Die „Fanni“ ist immer noch die „Fanni“
Das haben Moll, Bergmeier und ihr Team geschafft. Wer sich im Gastraum der „Fanni“ umsieht, merkt: Bayerischer und uriger geht es kaum mit Holzofen, Vorhängen und Dämmerlicht. Die „Fanni“ ist immer noch die „Fanni“ von damals, auch nach der Sanierung. Das war dem Team wichtig. Einige Tische im Gastraum sind noch aus Fanni-Zeiten und mussten vom Schreiner gegenüber lediglich auf Vordermann gebracht werden, die Stühle waren eine Spende. Die Fenster sind laut Bergmeier originalgetreu nachgebaut und würden nun energetischen Anforderungen genügen. „Die Gaststube ist das Herzstück unseres Dorfheims“, sagt Moll.
Ein Film über die „Fanni“
Die Entstehung des Dorfheims Fanni wurde von Dokumentarfilmer Hubert Neufeld (auf dem Foto links) dokumentiert. Als gebürtiger Pischelsdorfer kennt er die Geschichte der Fanni und rückt in seinem Film die Themen Wirtshausleben und -sterben in Bayern ins Rampenlicht. Weiterer Drehort war außerdem die Dorfwirtschaft Giggenhausen, die ebenfalls im Besitz einer Genossenschaft ist. GVB-Gründungsberater Max Riedl (auf dem Foto rechts) hat sowohl die Dorfheim Fanni eG als auch die Dorfwirtschaft Giggenhausen eG bei der Genossenschaftsgründung begleitet und tritt im Dokumentarfilm als Interviewpartner auf. Er berichtet darüber, wieso Genossenschaften eine gute Rechtsform sind, um Wirtshäuser am Leben zu halten. Der Film wird im kommenden Jahr erscheinen.
Doch die „Fanni“ hat noch viel mehr zu bieten, wie in den anderen Gebäudeteilen zu sehen ist – Gastro-Küche, Kühlkammer und einen Stadl für Veranstaltungen. „Dort wird im kommenden Jahr meine Tochter ihre Hochzeit feiern“, erzählt Moll mit einem Lachen im Gesicht. Die Wirtschaft ist einmal die Woche geöffnet, Mitglieder der Genossenschaft stehen dann hinter dem Tresen, schenken aus und kellnern. Ansonsten kann die „Fanni“ gemietet werden – „zum Beispiel für Geburtstagsfeiern oder Stammtische“, sagt Moll.

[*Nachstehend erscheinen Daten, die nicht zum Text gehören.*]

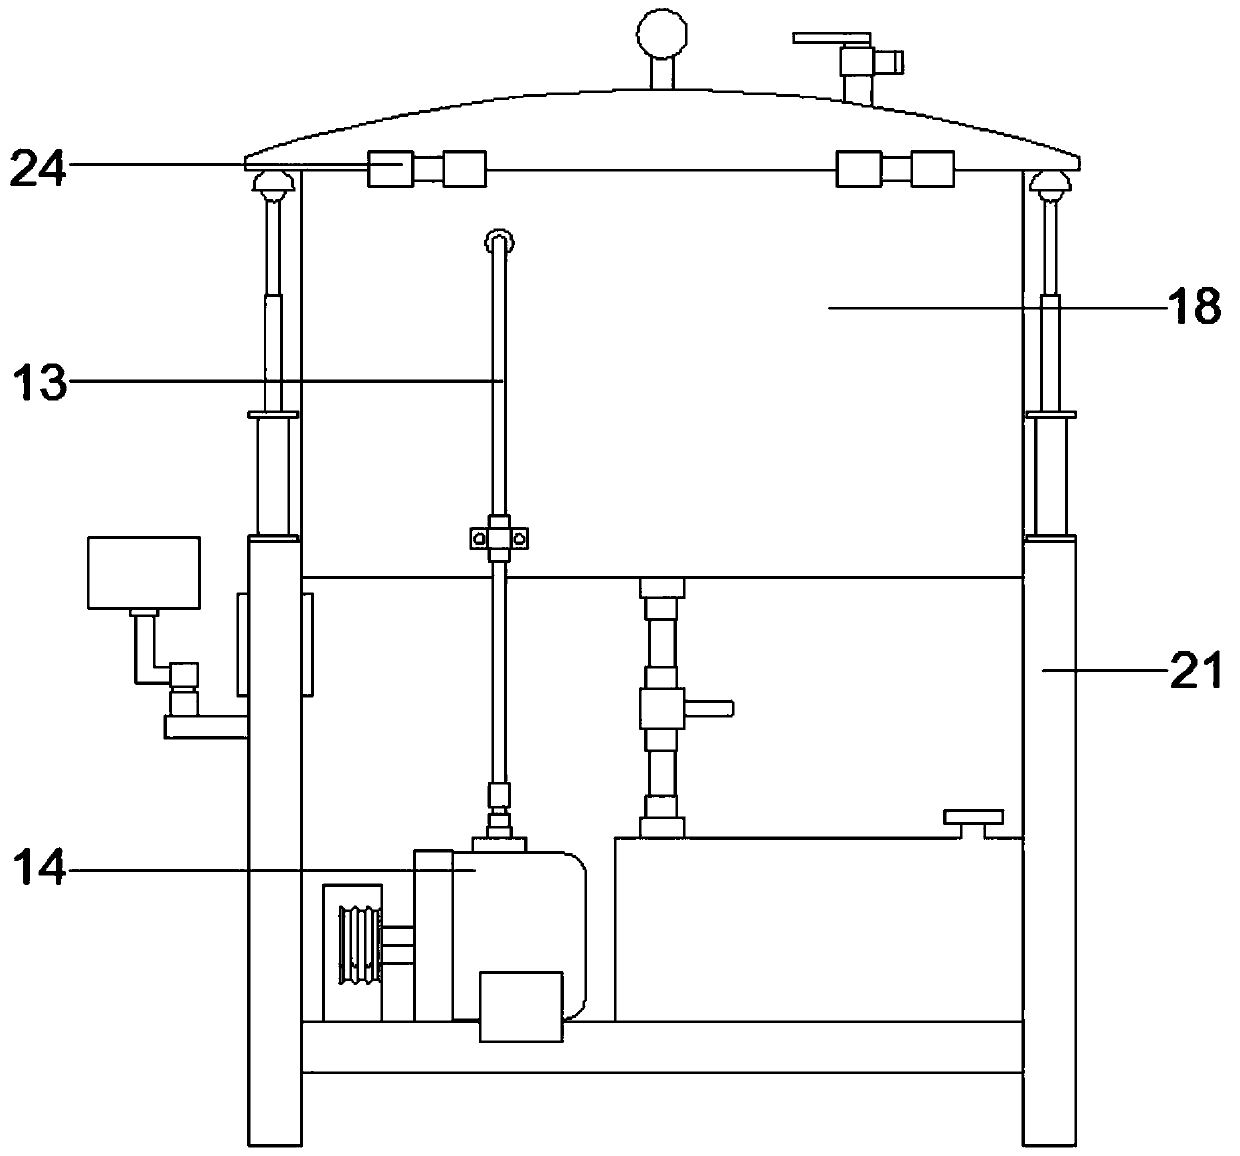 A high-frequency transformer automatic vacuum impregnation machine and its working method

Wer sich heute in der „Fanni“ umschaut, kann kaum glauben, dass das Gebäude noch vor zwei Jahren ein verfallenes, altes Haus war. Nur mit viel Vorstellungsvermögen ließ sich erahnen, dass hier einmal eine Gastwirtschaft entsteht. „Es war der Wahnsinn, was bei der Renovierung zum Vorschein kam“, sagt Bergmeier und erinnert sich an feuchte Wände, Statik-Probleme und die aufwendige Sanierung des Dachstuhls beim angebauten Stadel. „Gott sei Dank hatten wir einen erfahrenen Architekten an unserer Seite, Franz Grahammer“, sagt Bergmeier. Allein der Architekt hätte das Team bestimmt 100.000 Euro gekostet, Grahammer verlangte keinen Cent, weil er als damaliger Kreisheimatpfleger des Landkreises Pfaffenhofen und als alteingesessener Pischelsdorfer vom Projekt überzeugt war.
Am 12. Juni 2021 war der erste Arbeitstag für das Team. Seitdem habe man jeden Samstag geschuftet. Insgesamt 70 Leute seien auf der Baustelle zugange gewesen, erzählen die beiden Vorstände. „Es war beeindruckend, wie groß der Zusammenhalt war“, sagt Moll. Aber nur so konnte es funktionieren: „Es braucht Menschen, die zu 100 Prozent hinter dem Projekt stehen“, gibt Bergmeier zu bedenken. Solche wie die beiden Vorstände. Menschen, die weitermachen, wo andere aufgeben würden.